US video rental company

West Coast Entertainment Corp., doing business as West Coast Video, was an American video rental store chain based in Langhorne, Pennsylvania. Established in 1983, the company liquidated in 2009, but some stores continued to use the West Coast Video name and run independently. As of 2024, there are currently no West Coast Video stores open in North America.

==History==

=== 1980s: inception, acquisitions and expansion ===
In 1983, Elliot Stone opened the first West Coast Video store in Northeast Philadelphia. During the next three months, Stone established the chain by launching three more stores.

West Coast Video acquired all 455 National Video stores in September 1988. The chain now had 660 stores in total, making it the world's largest video rental chain at that time.

=== 1990s: bankruptcy, restructuring, online presence, and lawsuit ===

West Coast Video had a revenue of $250 million in 1990. The chain opened its first Canadian store in 1991 (although there were already two franchise stores in Burnaby and Whiterock, BC). It was located in the Orleans neighborhood of Ottawa, Ontario. However, West Coast faced financial difficulties due to increased competition in the video rental industry. The company reported a $120 million revenue in 1991, less than half of what it made the previous year. The company filed for Chapter 11 bankruptcy in March 1992 and had a positive cash flow six months later.
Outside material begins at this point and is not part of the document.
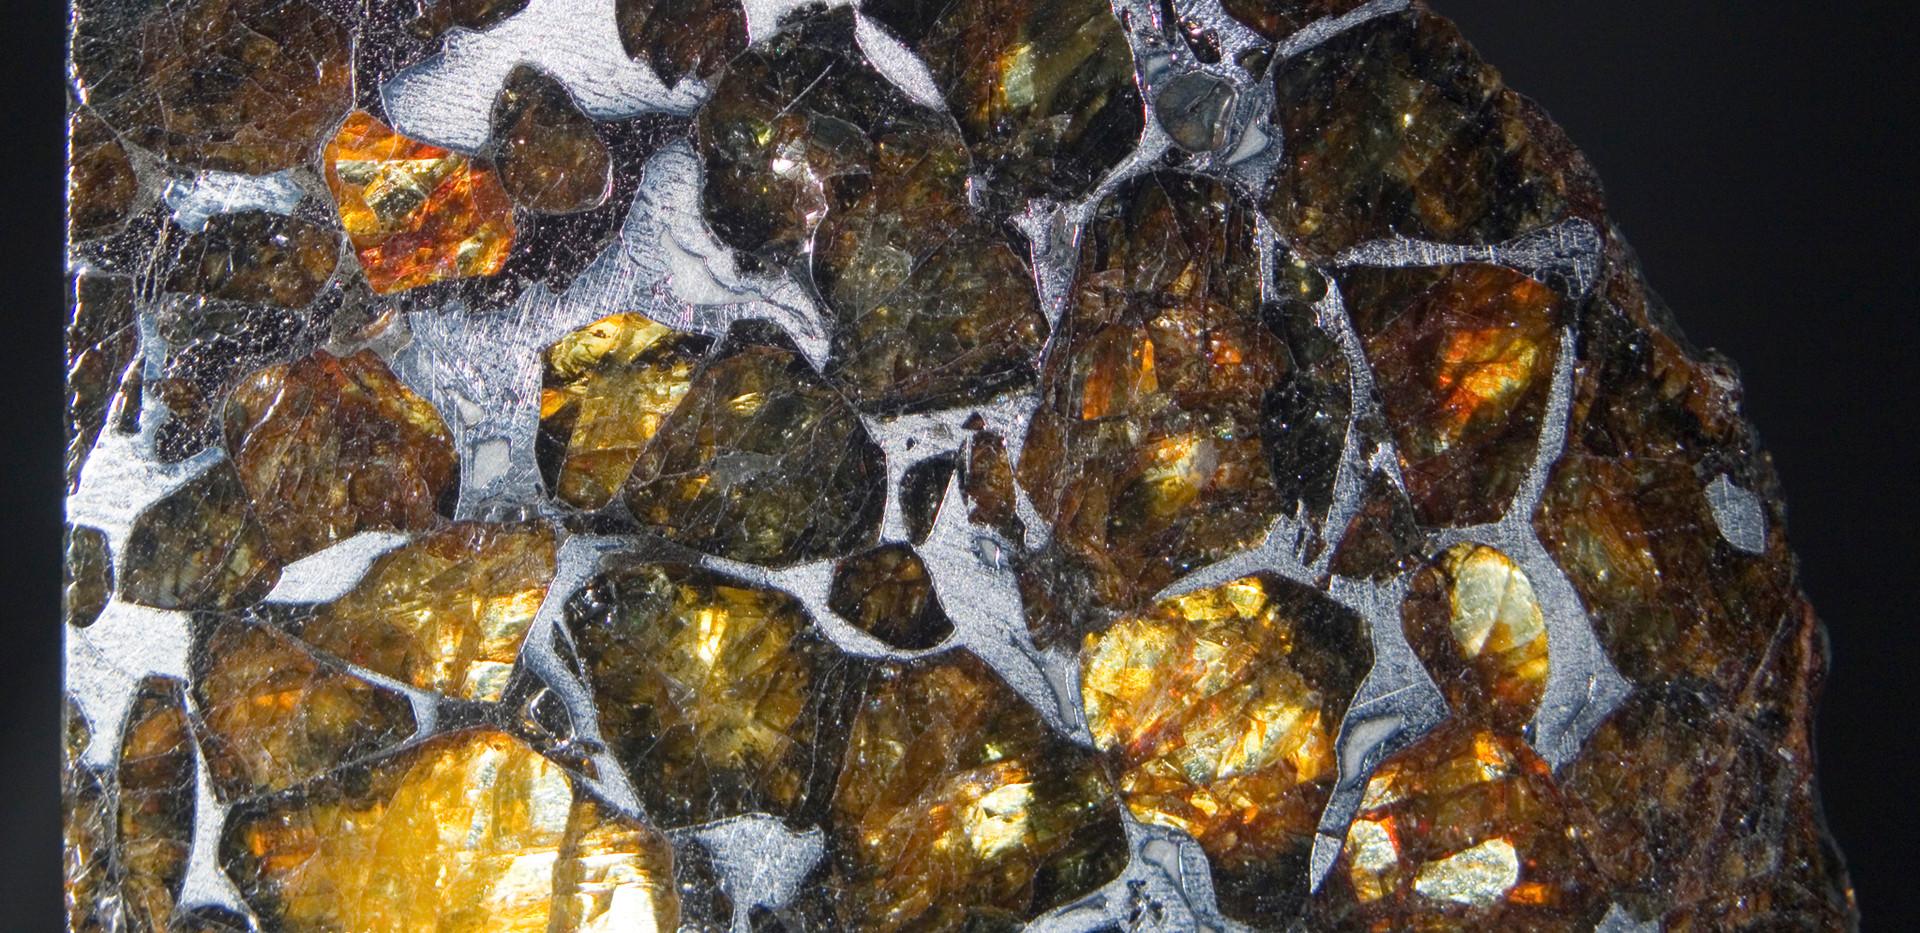 Pallasite Meteorite, Imilac, Back.  4.3 cm x 3 cm SMIM04

In 1993, the West Coast Video company changed its name to West Coast Entertainment Corporation. It would eventually create additional brands. During that same year, a second store in Canada was opened in Ottawa South (now Old Ottawa South) neighborhood of Ottawa. The GamePower Headquarters video game stores franchise was launched in 1994.

Online websites for West Coast Video were launched in May 1999. This included an online shopping store that sold movies.

In March 1999, West Coast Video was sued for using the "MovieBuff" trademark on its website's HTML metatags.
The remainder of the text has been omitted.